My starting point in this paper is Jan Blommaert’s injunction to explore ‘the various forms of interconnectedness between levels and scales of sociolinguistic phenomena’ in the process of establishing a ‘sociolinguistics of globalisation’. My particular focus is on ways in which ideologies of linguistic differentiation are refracted through various discursive layers in talk about language in the context of the EU: from the institutionalised privileging of a certain kind of multilingualism in EU strategies through national policies on language and citizenship to individual perceptions and evaluations of linguistic experience.

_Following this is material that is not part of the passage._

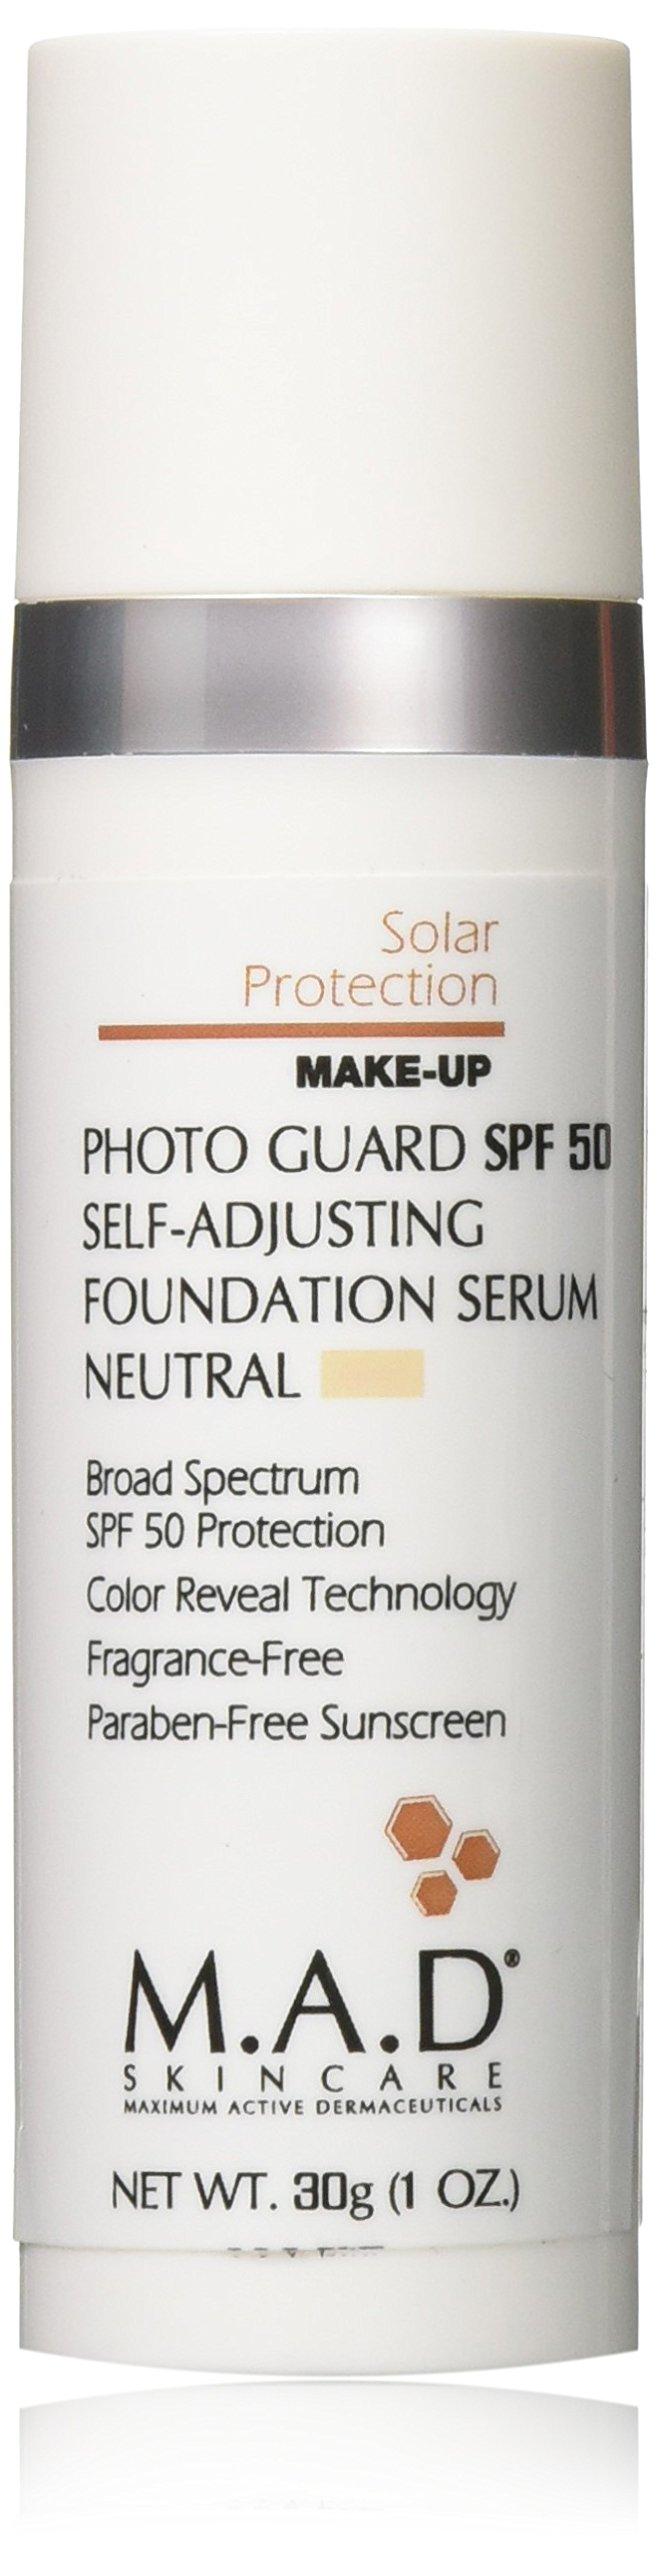 M.A.D SKINCARE SOLAR PROTECTION: Photo Guard SPF 50 Self-Adjusting Foundation Serum: Neutral - 30g
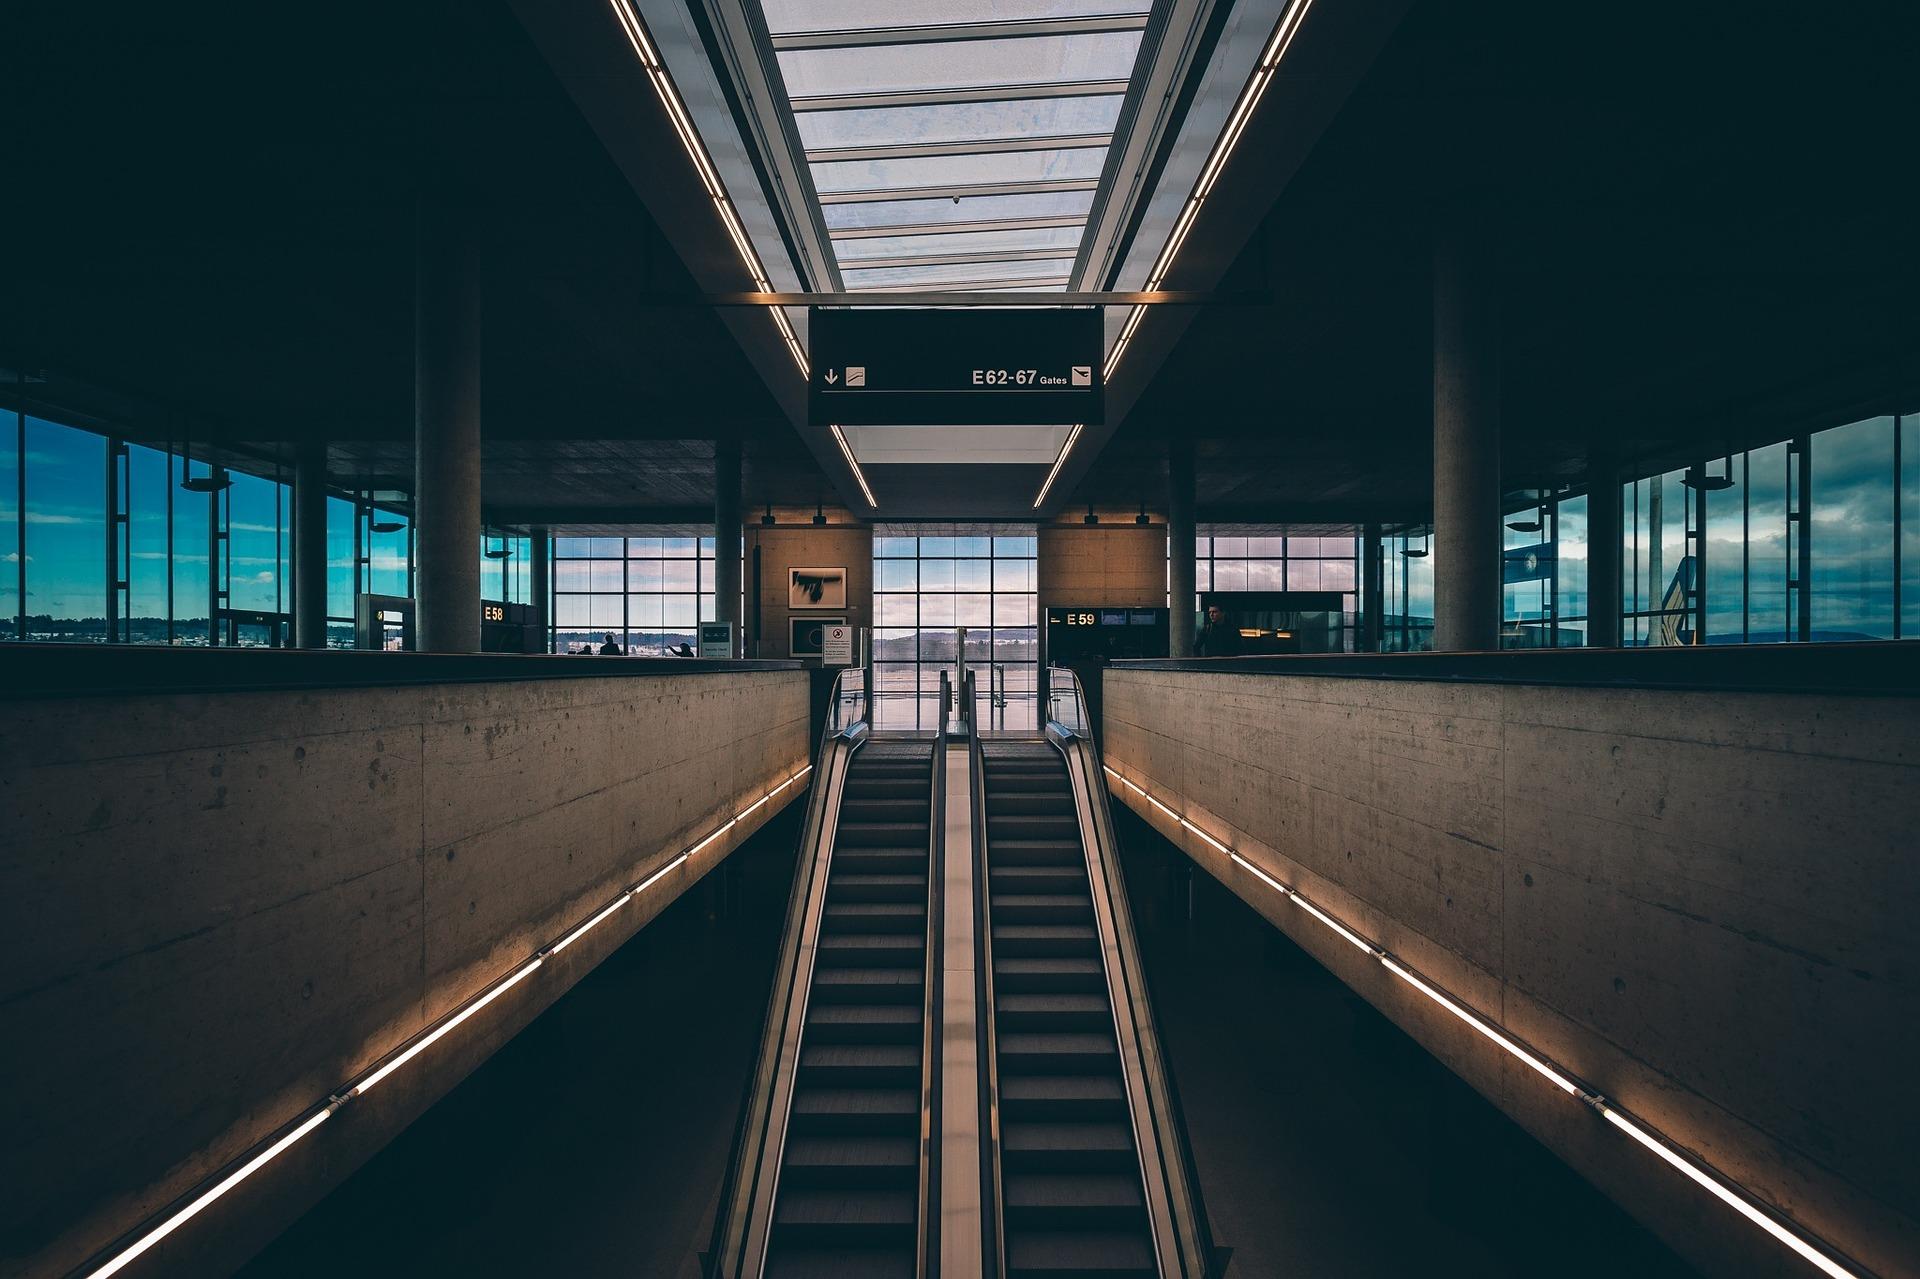 Un aéroport en temps de covid-19

National governments of member states sign up to multilingual strategies which are predicated on the unquestioned legitimacy of ‘national languages’ but at the expense of other linguistic varieties (whether or not they are identified as ‘European’) which lack their currency or authority. Discourses around the German language are emblematic of this process of elision: it is promoted above English as the language with the highest number of ‘mother-tongue’ speakers in the EU, it is the ‘national language’ of more than one member state and of the driving force of the EU economy, its embodiment of the cultural heritage of ‘central Europe’ gives it a special place in the emergence of the new European space. But it occupies a different position in the European ‘linguascape’ (Coupland) depending on the vantage point of the observer. In Germany and Austria, standard German anchors the idea of a national language, neutralising problematic processes of social categorisation, but simultaneously creates potentially exclusionary obstacles to the construction of new conceptions of citizenship; in neighbouring eastern states, the same standard language ideology underpins the foreign cultural policy of German and Austrian governments but requires a realignment or recalibration of the repertoires of German-speaking minorities.
My paper is framed by the encompassing discourses of multilingualism in national and European institutions, but it incorporates illustrative analyses of individual encounters with the politics of language in everyday life under different social and historical conditions in central Europe.